ABDÜLHAK HAMİT TARHAN (1852-1937)

 

  • Edebiyatımızın en bireysel şairlerindendir.
  • Batılılaşma hareketinin asıl öncüsü olarak kabul gördüğü için kendisine “ŞAİR-İ AZAM”(büyük şair) lakabı verilmiştir.
  • İkinci dönem Tanzimat edebiyatının en verimli, üretken, kudretli yazarlarından olan Abdülhak Hamit, modern edebiyatımızın kurucularındandır. Doğu ile Batı arasında bir köprü olabilecek kadar kuvvetli bir kültüre sahiptir.
  • Şiirdeki Batılılaşma hareketinin asıl büyük öncüsüdür. Yaşadığı dönemde Şair-i Azam unvanıyla anılmıştır. Şiir biçiminde ve içeriğinde önemli değişiklikler yapmıştır. Onda ölçü, uyak, dil kaygısı görülmez; bundan dolayı eserleri dil bakımından kusurludur. Dili çok ağır üslubu dağınıktır.
  • Abdülhak hamit Tarhan, şiirde tezatlara, şaşırtmacalara çok yer vermiş; lirik-felsefi bir anlayışla yazmıştır. Günlük hayat, ölüm, metafizik düşünceler, tabiat, aşk, vatan sevgisi gibi konuları işlemiştir.
  • Tanzimat şiirine geniş ufuklar açan, divan şiiri gelenğini tamamıyla yıkan Abdülhak Hamit; Tanzimat şiirine yüksek bir anlatım yeteneği kazandırmıştır.
  •  Veremden ölen eşi Fatma Hanım onun edebiyatını büyük ölçüde etkilemiştir. Böylelikle ölüm teması onun şiirlerinin en temel teması olmuştur. Ünlü Makber şiirini eşinin ölümü üzerine yazmıştır.
  •  Tiyatrolarında ağır bir dil kullanmıştır. Ayrıca tiyatroları sahne tekniğine de uygun değildir. Abdülhak hamit tiyatrolarını sahnelenmek için değil okunmak için yazmıştır. nazım-nesir karışık tiyatrolarında tarihi olaylar ve hayallerini anlatmıştır.
  •  Sanat için sanat anlayışını benimseyen sanatçı, romantizm akımın etkisindedir.
  •  Abdülhak hamit Tarhan, edebiyatımızın ilk pastoral şiir örnekleri olan şiirlerini Sahra adlı eserde toplamıştır.

 

KLASİSİZM

ü    17.yy ortalarında Fransa’da ortaya çıkan edebiyat akımıdır.
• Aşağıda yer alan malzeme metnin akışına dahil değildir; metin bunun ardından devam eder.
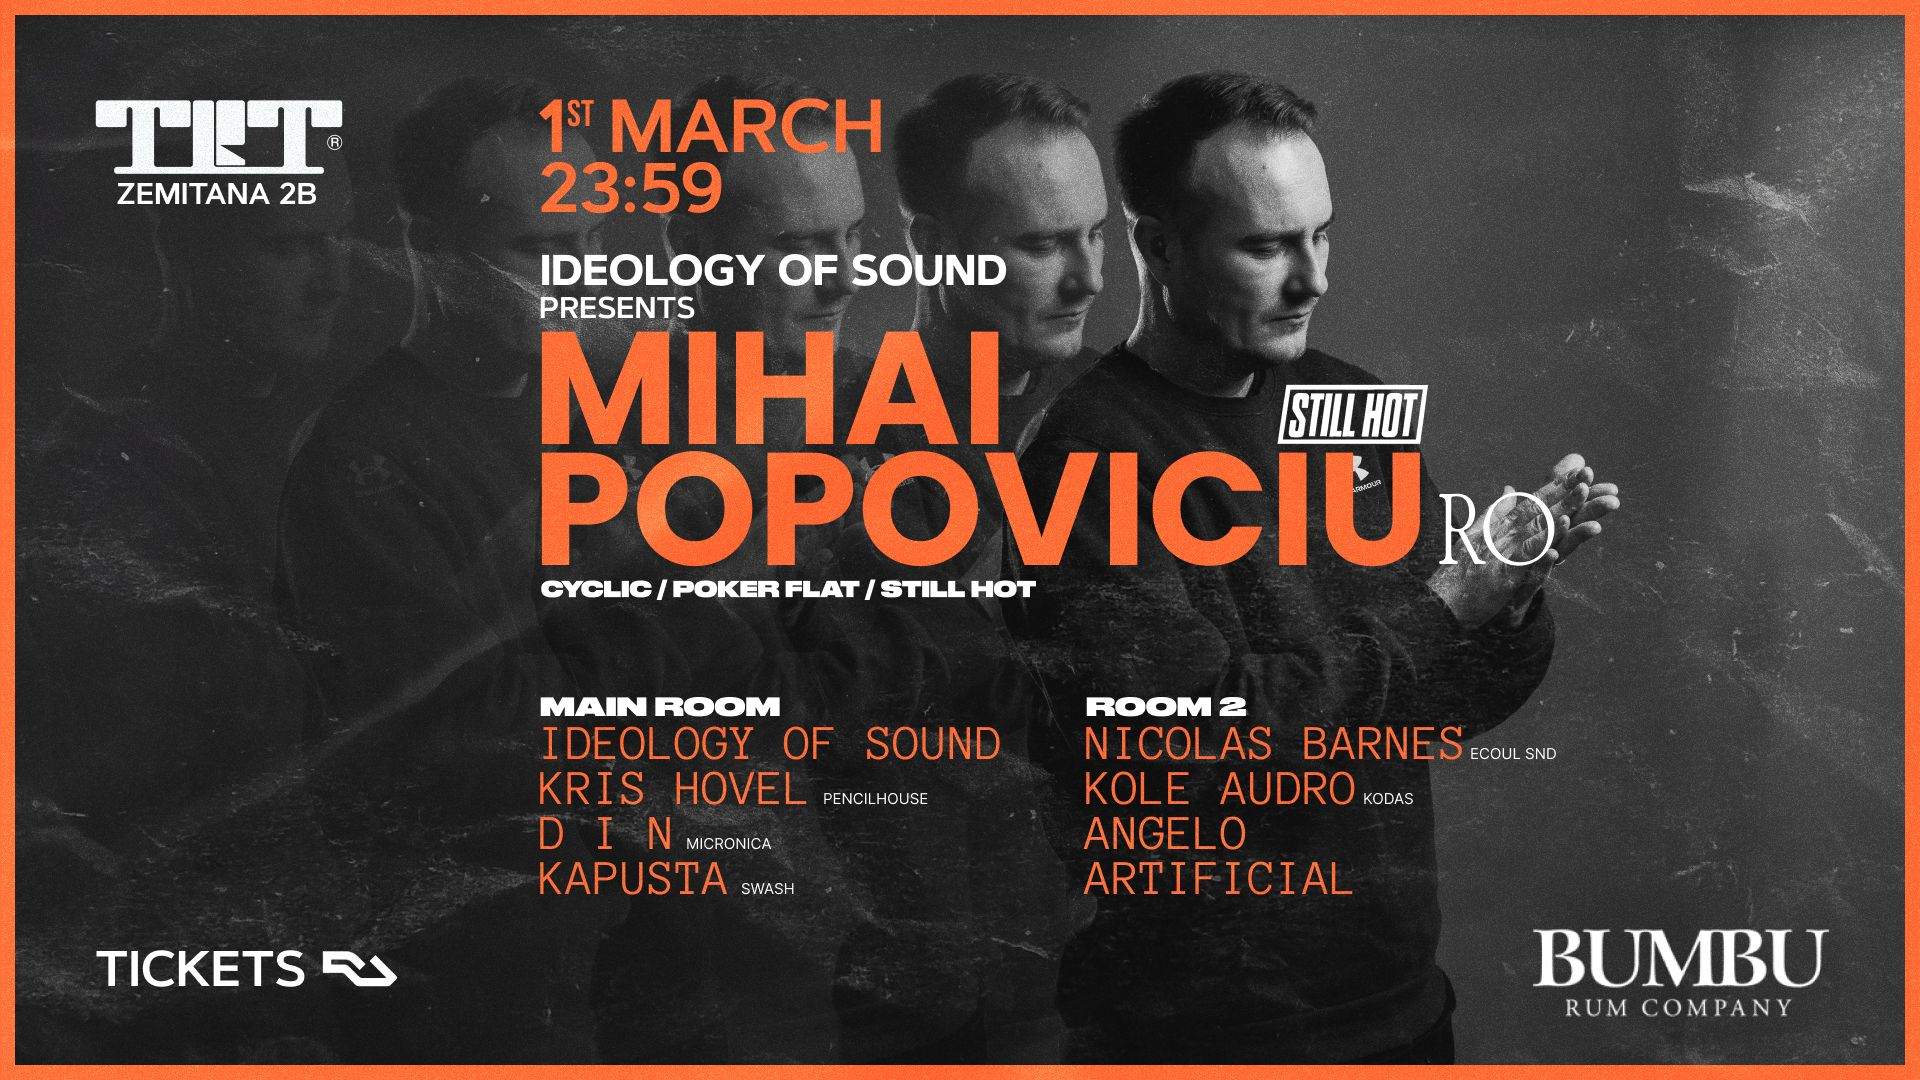 Ideology of Sound presents Mihai Popoviciu - Página frontal

ü    Akla ve sağduyuya değer verirler.

ü    İnsandaki tabiata, insanların iç dünyasına saygı göstermek esastır,

ü    Konularını eski Yunan ve Latin edebiyatından alırlar.
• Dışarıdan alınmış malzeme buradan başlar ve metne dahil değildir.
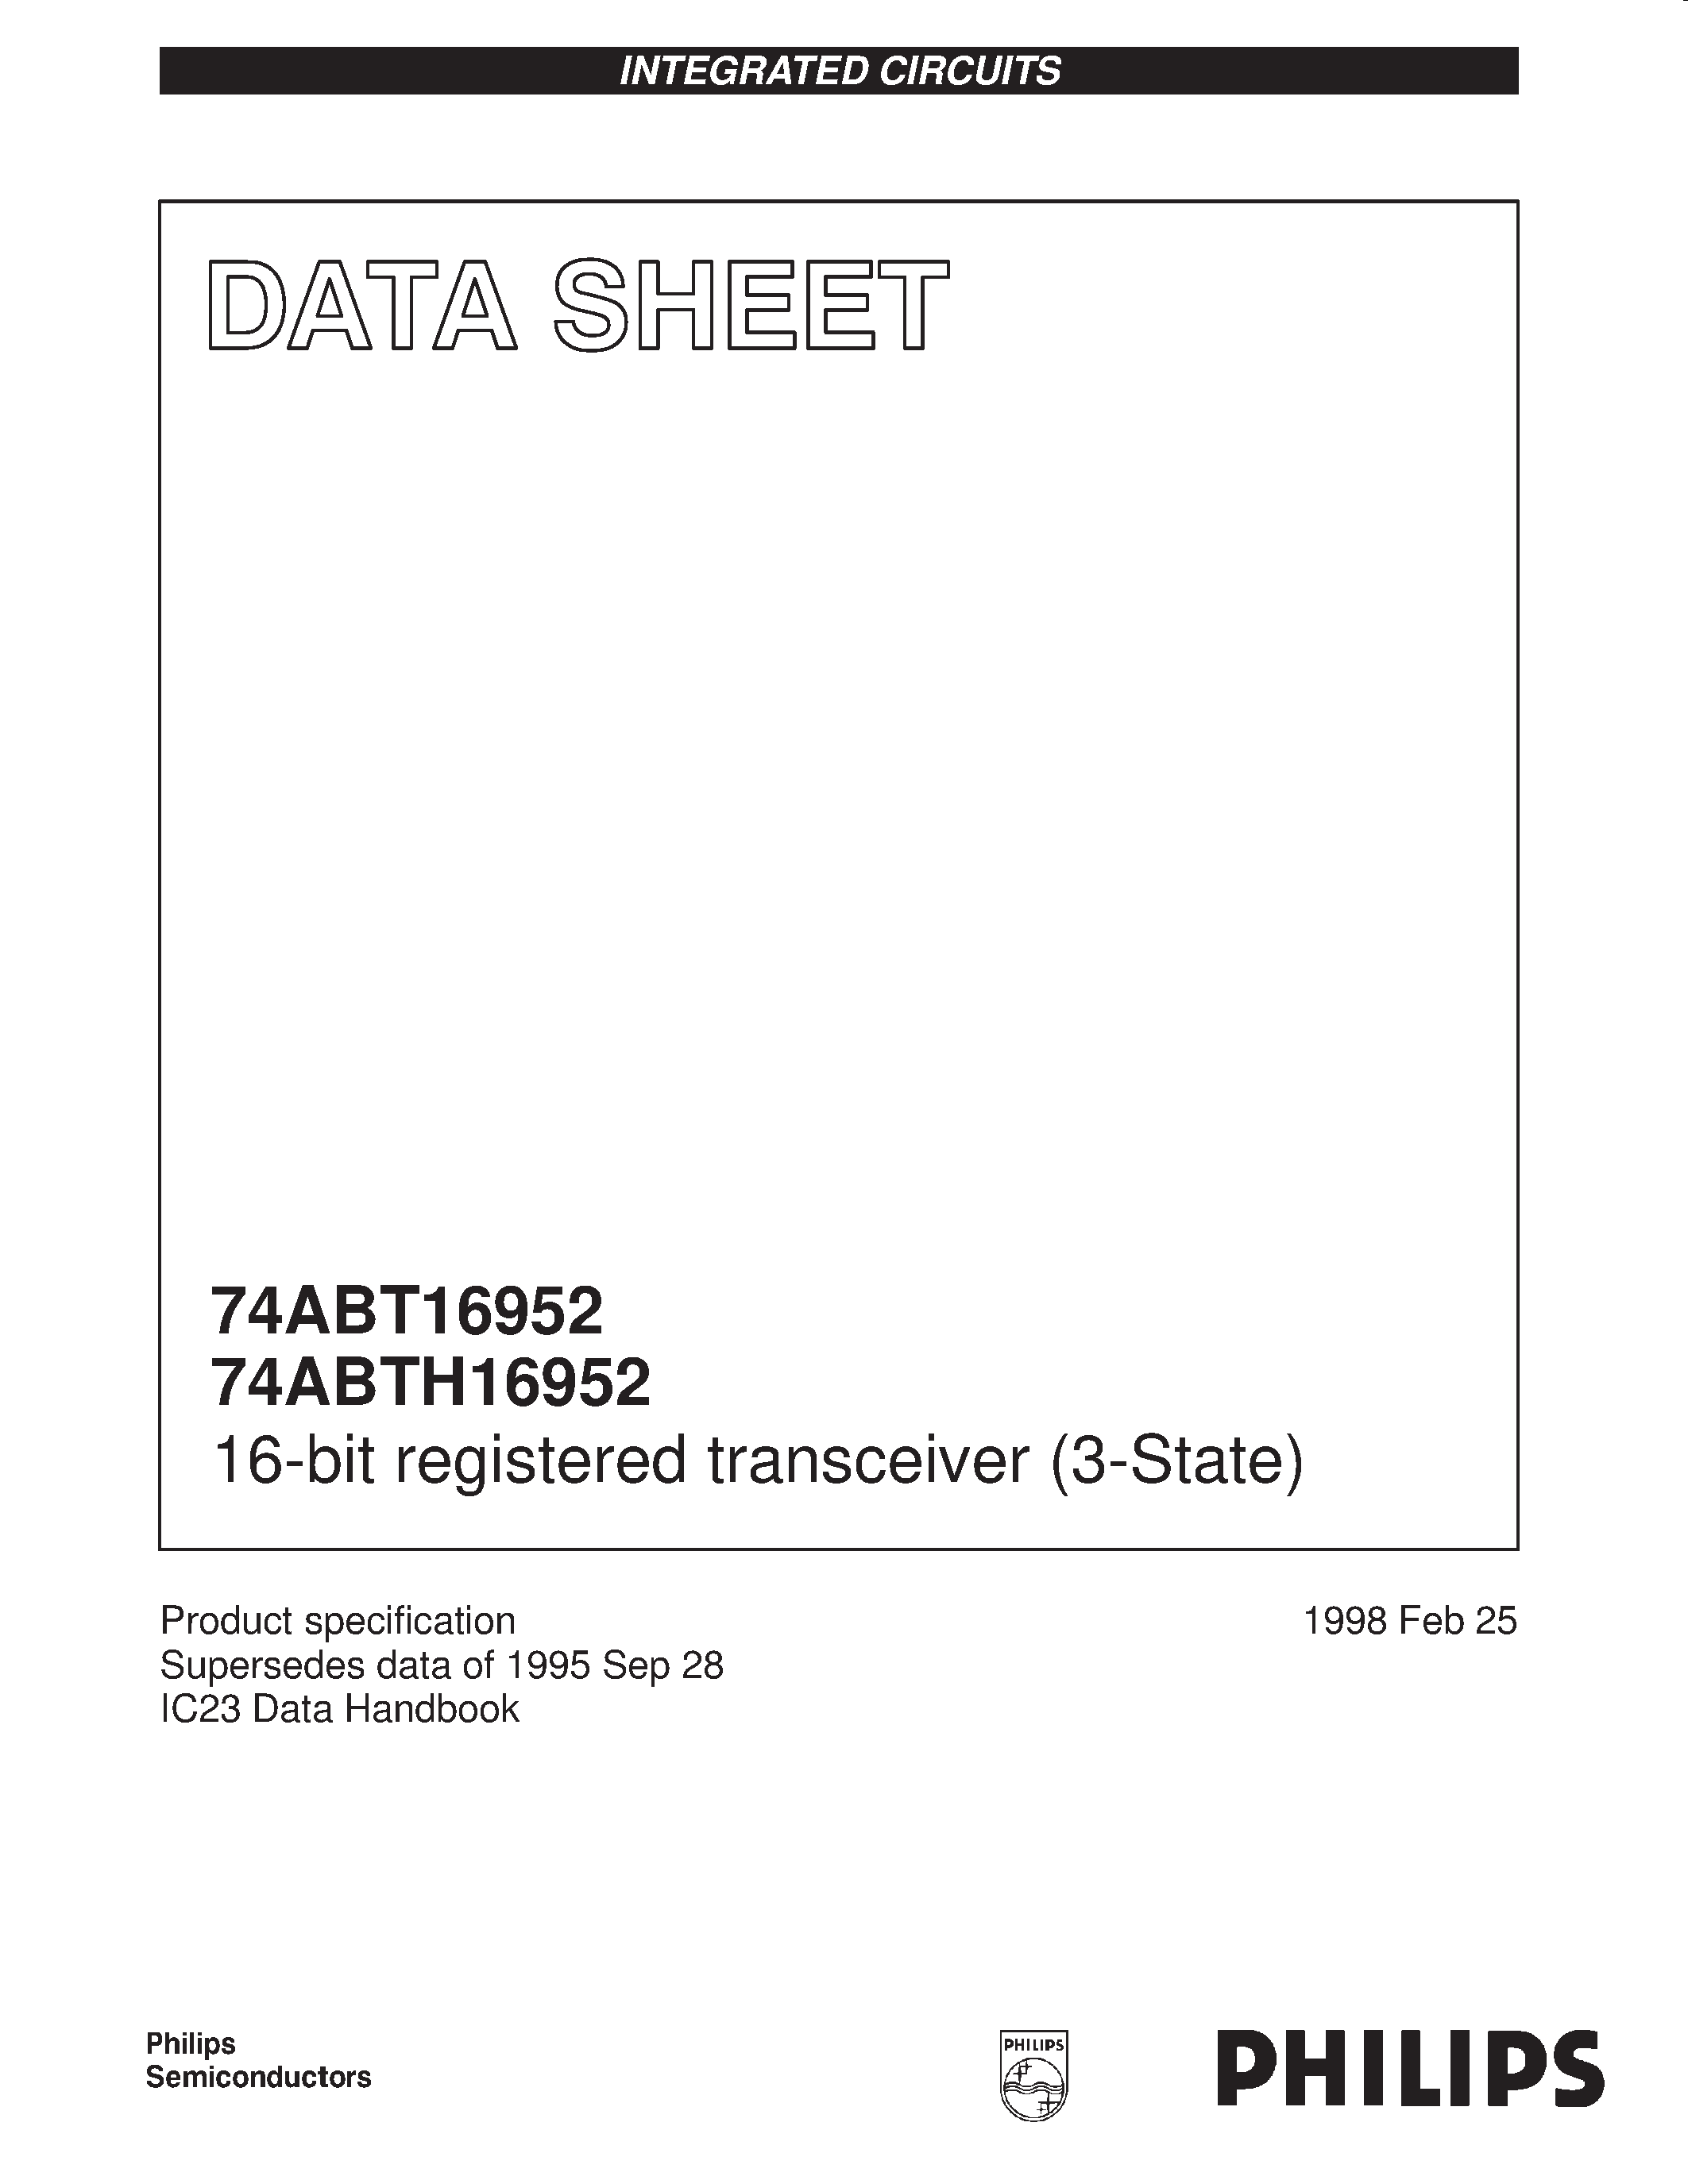 Datasheet 74ABTH16952DL - 16-bit registered transceiver 3-State page 1

ü    Kahramanları seçkin kişilerdir. Sıradan insanlara eserlerinde yer vermezler.

ü    Önemli olan konu değil konunun işleniş biçimidir

ü    Dil, üslup kusursuz bir şekilde işlenmiştir. Dil açık, yalın ve soyludur.

ü    Sanat için sanat görüşünü savunurlar.

ü    Sanatçı eserde kendini gizler.

ü    Tiyatroda üç birlik kuralına uyulur.(olay, zaman, mekân)

ü    Bu akımın en önemli temsilcileri: Moliere  ,Corneille, Racine, La Fontaine, La Bruyere, Daniel Defoe

ü    Türk edebiyatında ise Şinasi ve Ahmet Vefik Paşa ‘dır. 

 

ROMANTİZM

ü    Fransa’da 1830 yıllarında klasizme tepki olarak doğmuştur.

ü    Klasik edebiyatın kural ve şekilleri bırakılır.

ü    Konular eski Yunan ve Latin edebiyatı yerine Hıristiyanlıktan tarihten ve günlük yaşamından alınır.

ü    Akıl yerine duygulara ve hayallere önem verirler.

ü    Sanatçılar kendi eserlerinin kişiliklerini gizlemezler.

ü    Sanat toplum içindir görüşünü benimsemişlerdir.

ü    Tabiat önemlidir. Gözlem ve tasvire önem verilir.

ü    Konular işlenirken iyi, kötü, doğru, yanlış gibi karşıtlıklardan yararlanırlar.

ü    Üç birlik kuralı terk edilir.

ü    Temsilcileri J. J.  Rousseau, Voltaire, Victor Hugo, Goethe, Schiller, Chateaubriand, George Sand

ü    Türk edebiyatında ise Namık Kemal, A.Hamit Tarhan, A.Mithat Efendi.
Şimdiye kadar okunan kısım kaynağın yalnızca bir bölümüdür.